━━ Data excerpt

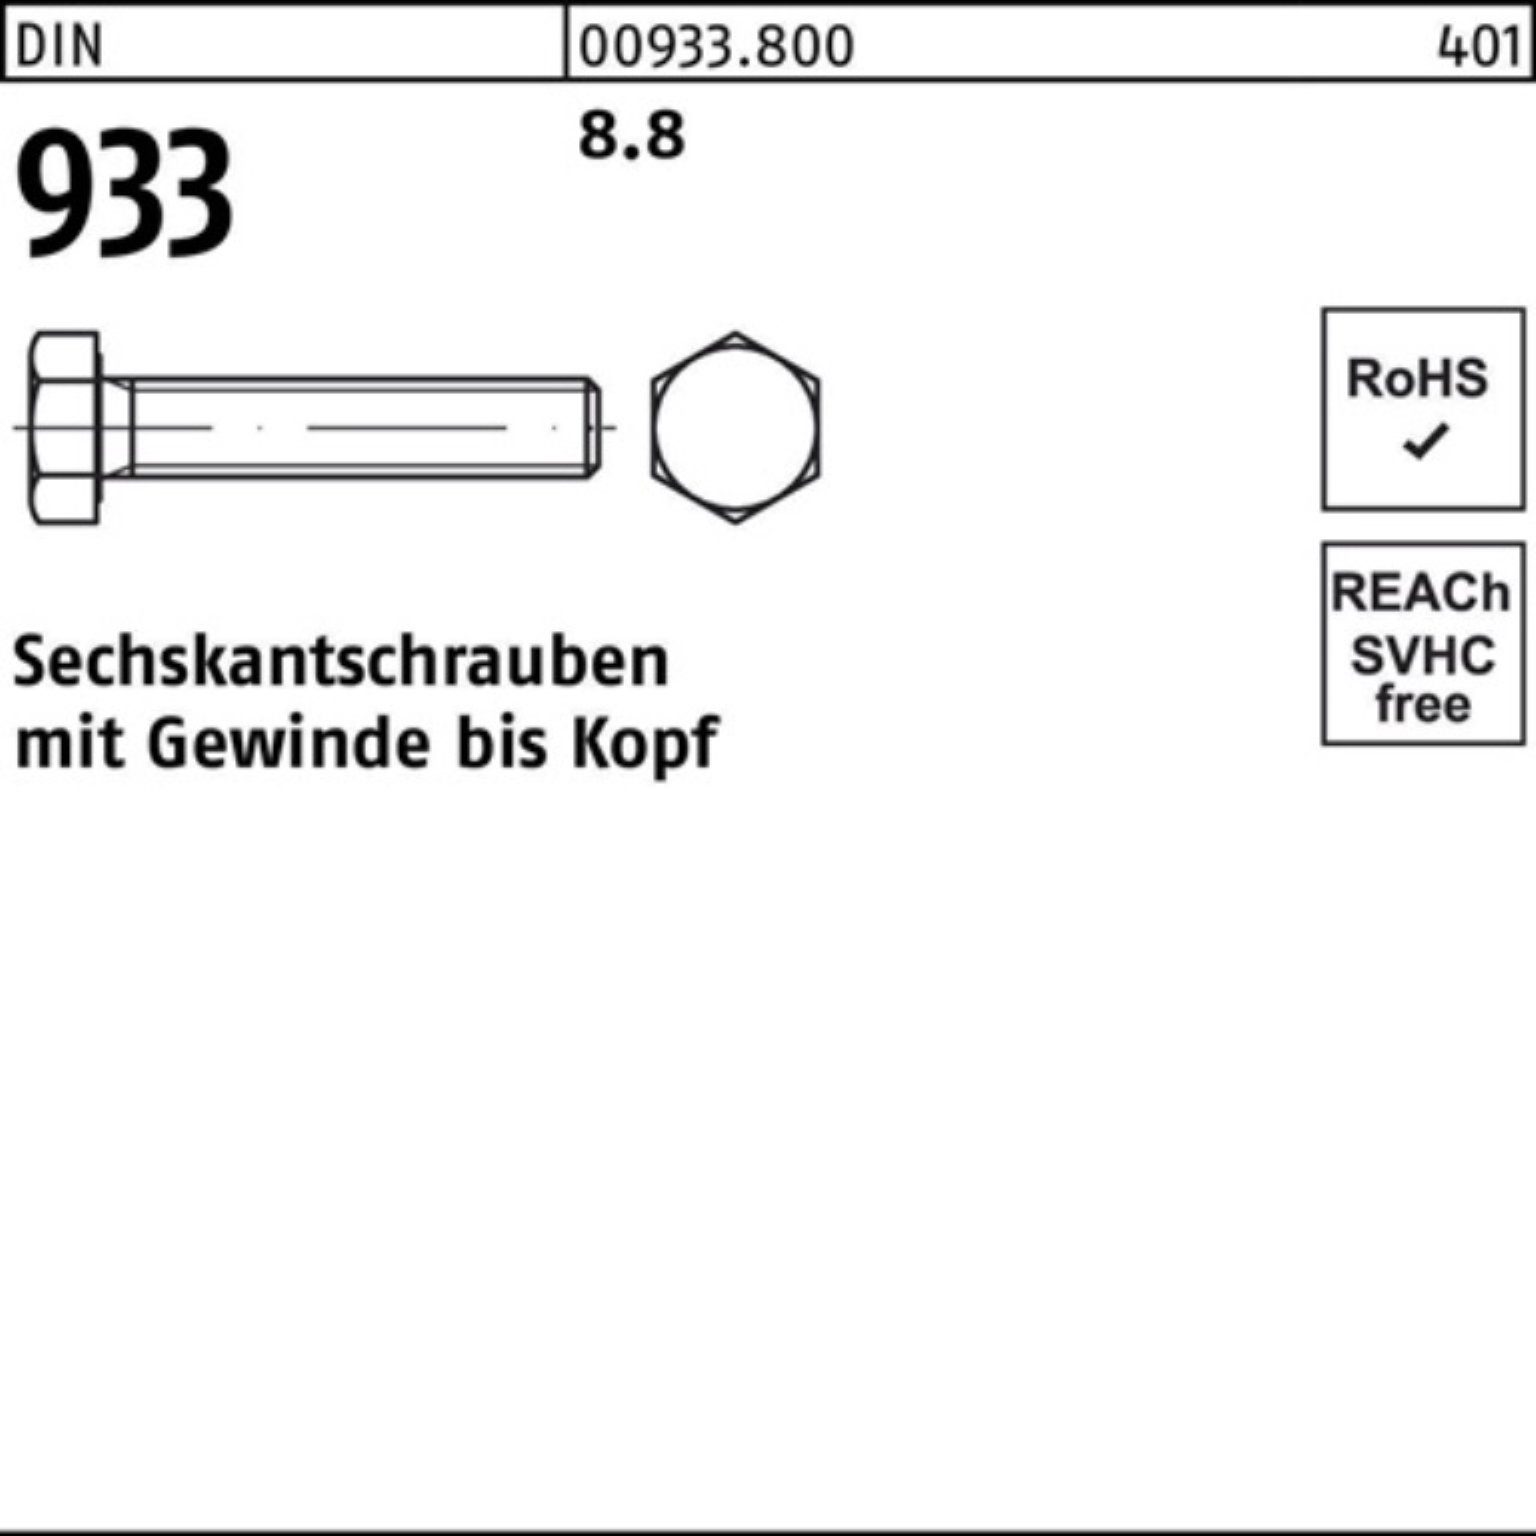 Pack 933 Sechskantschraube DIN Reyher 18 Sechskantschraube Stück 8.8 500 933 M4x 500er VG DIN
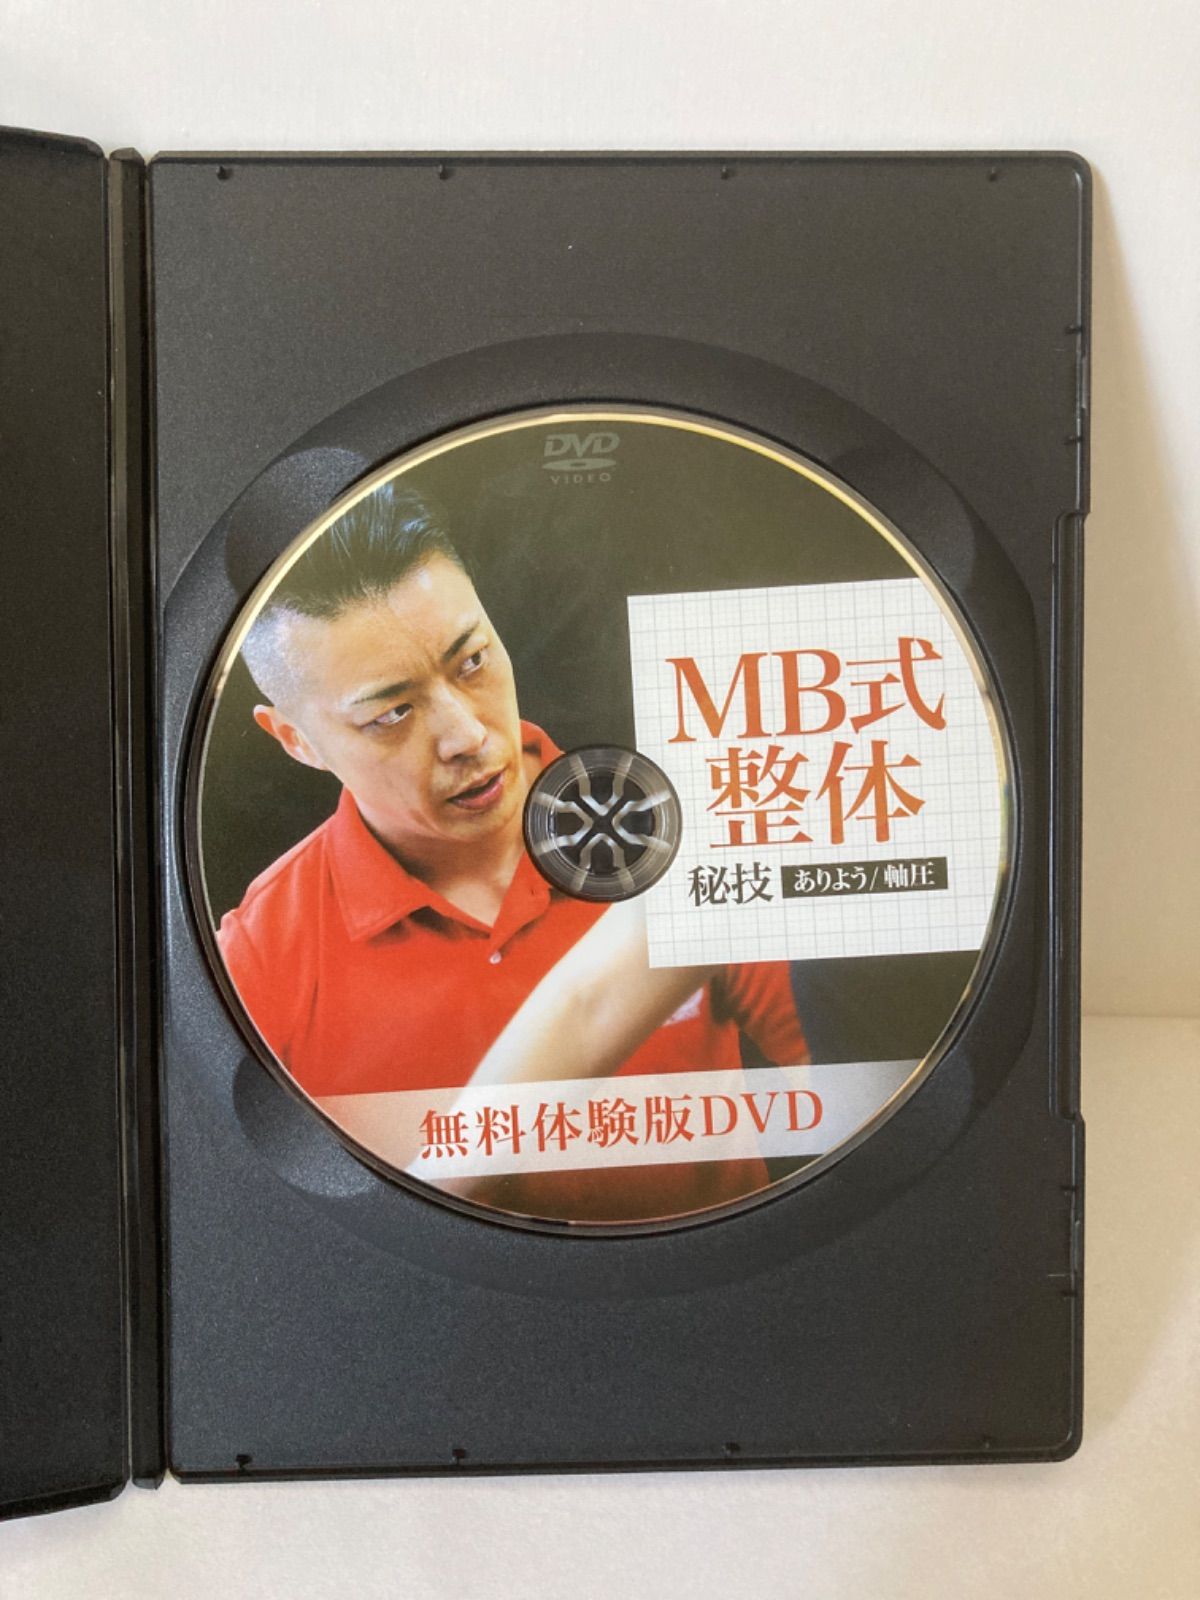 MB式整体 嚴選 「7つのアプローチ」「秘技ありよう」DVDセット - Shop
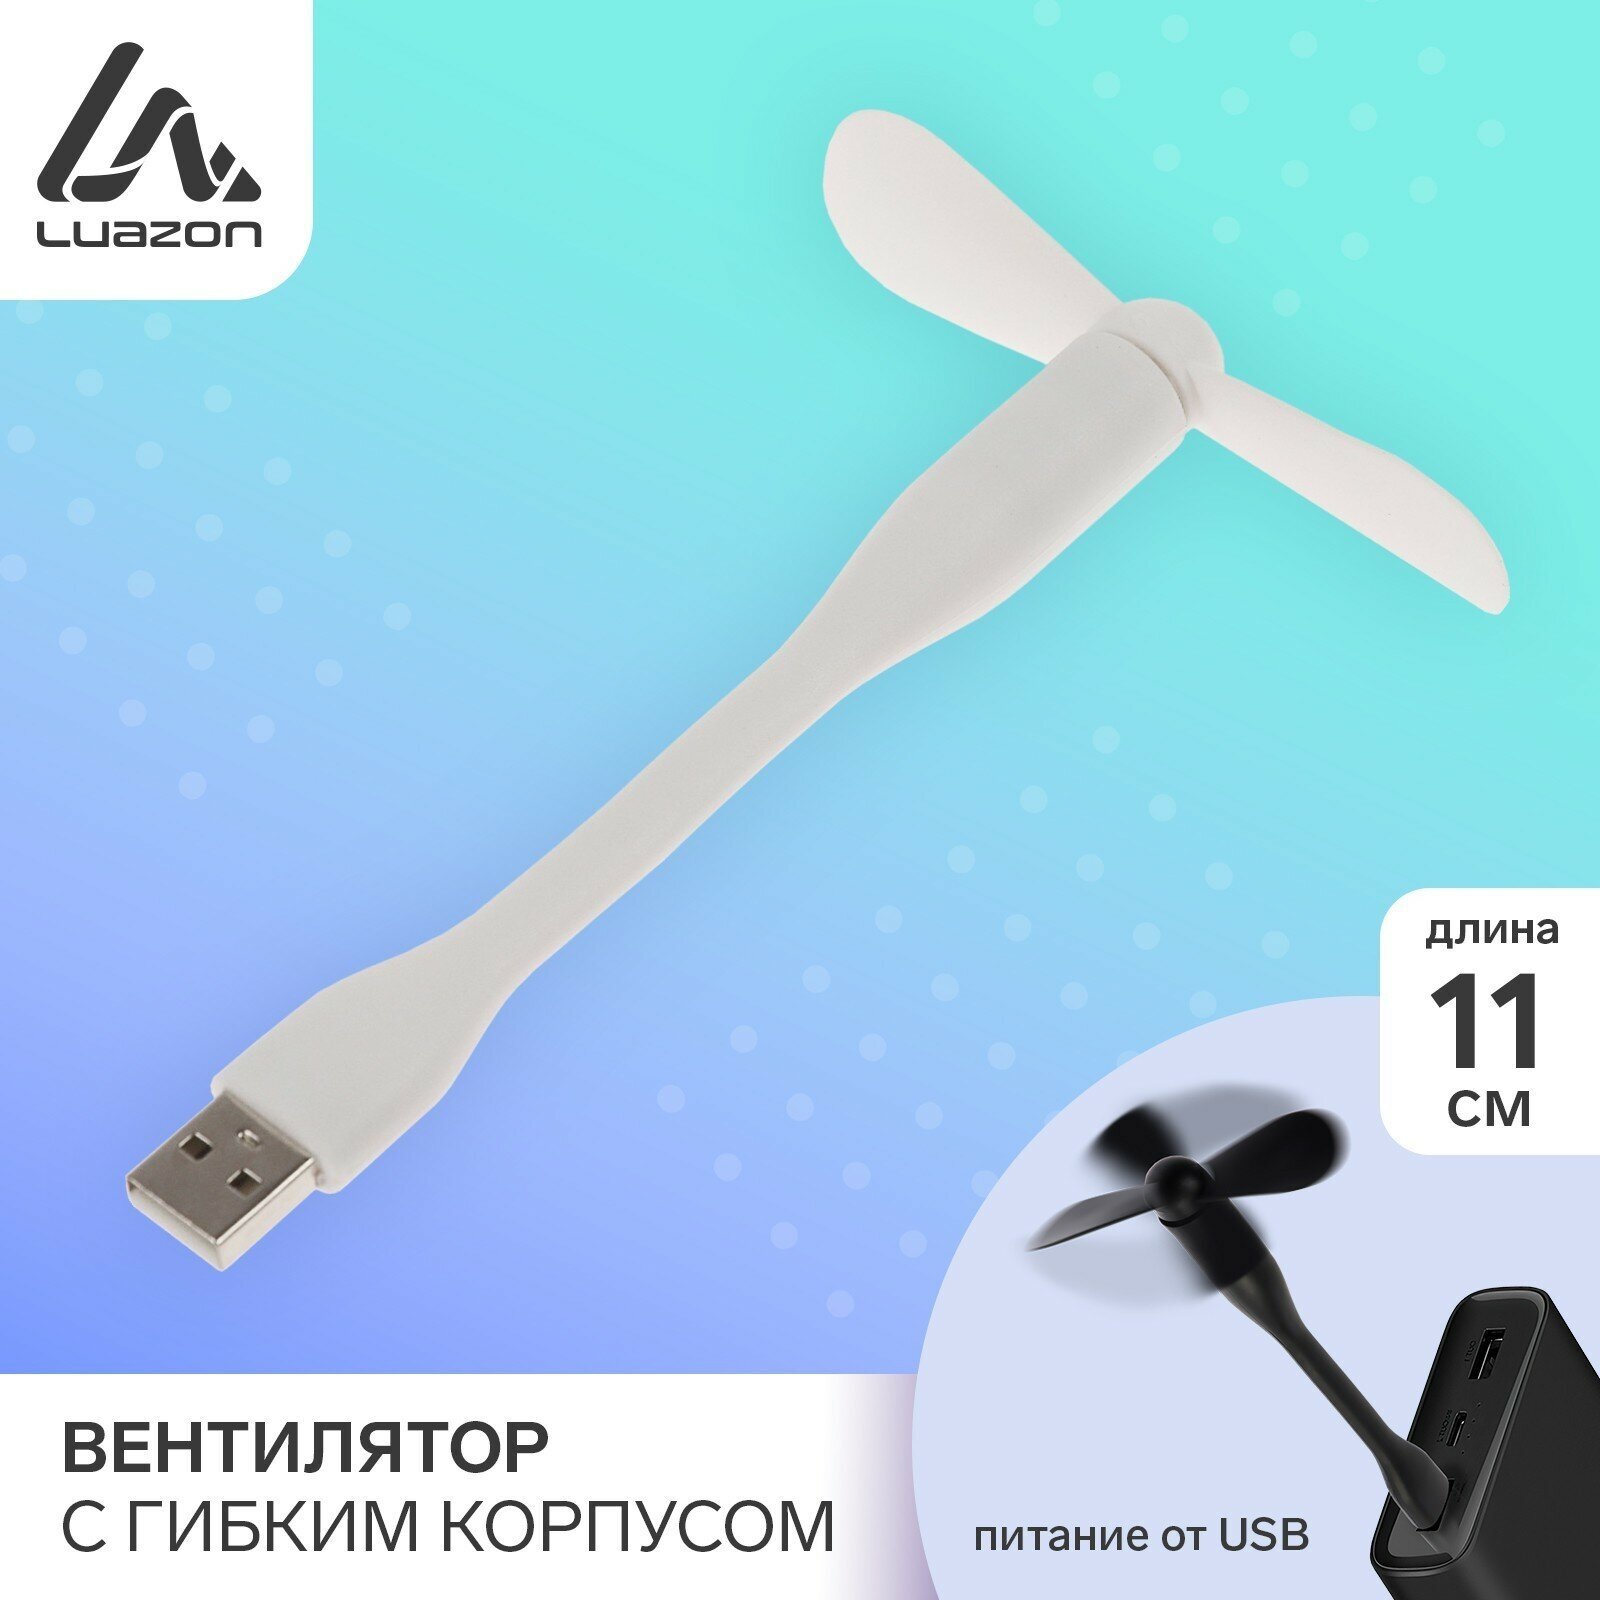 Вентилятор с гибким корпусом LuazON LOF-05, USB, 11 см, белый (1шт.)
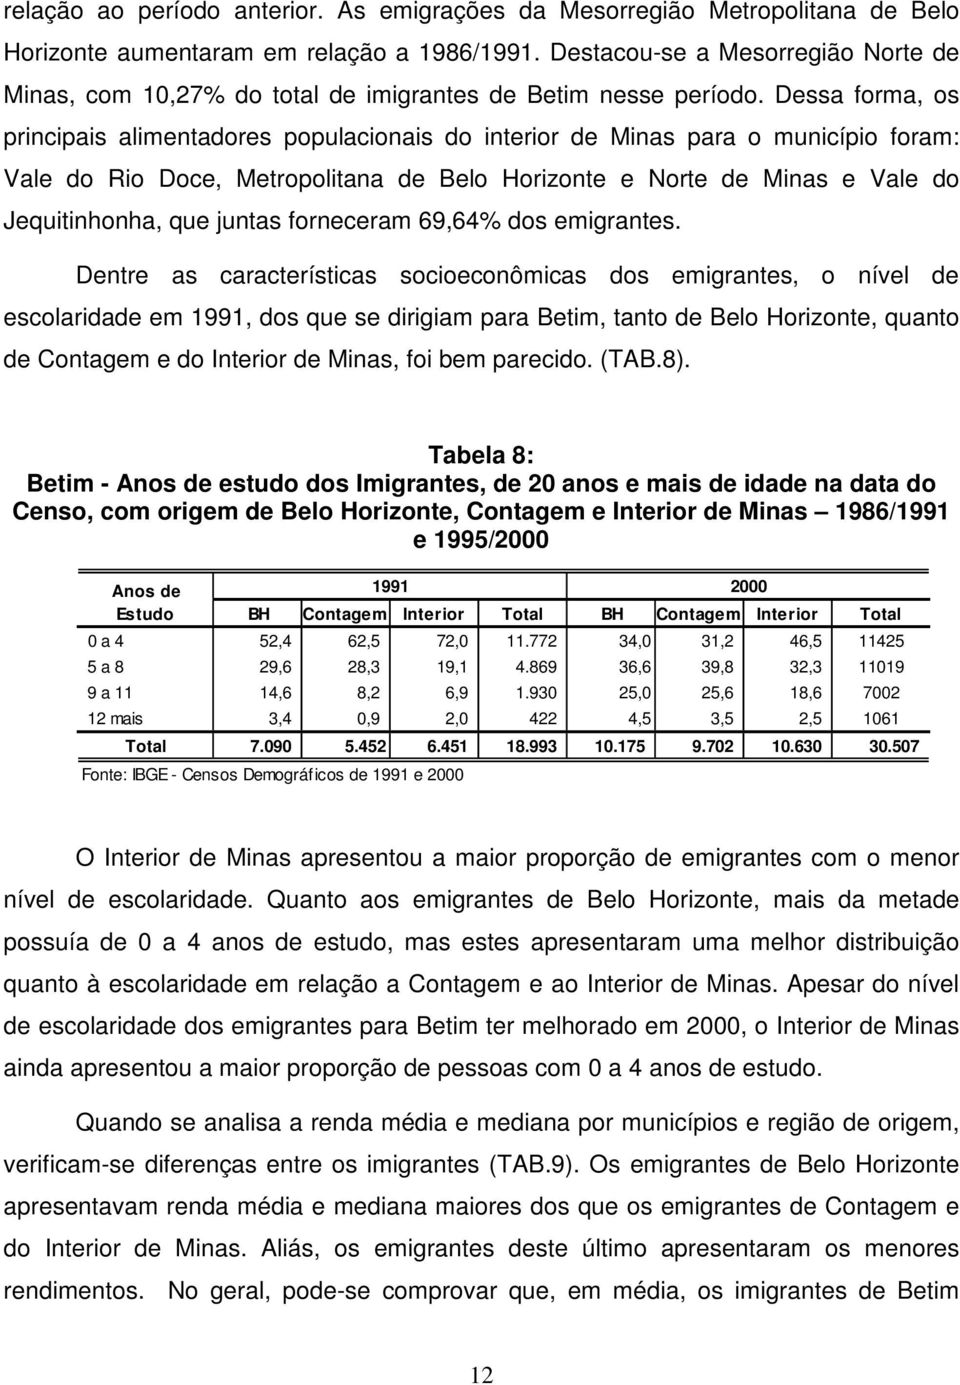 Dessa forma, os principais alimentadores populacionais do interior de Minas para o município foram: Vale do Rio Doce, Metropolitana de Belo Horizonte e Norte de Minas e Vale do Jequitinhonha, que

━━━━

* Task: Give the listing again word for word, without its images.

* Solution to this exercise:
 Pack 933 Sechskantschraube DIN Reyher 18 Sechskantschraube Stück 8.8 500 933 M4x 500er VG DIN
 MB式整体 嚴選 「7つのアプローチ」「秘技ありよう」DVDセット - Shop
 Вентилятор с гибким корпусом LuazON LOF-05, USB, 11 см, белый (1шт.)
 Dessa forma, os principais alimentadores populacionais do interior de Minas para o município foram: Vale do Rio Doce, Metropolitana de Belo Horizonte e Norte de Minas e Vale do Jequitinhonha, que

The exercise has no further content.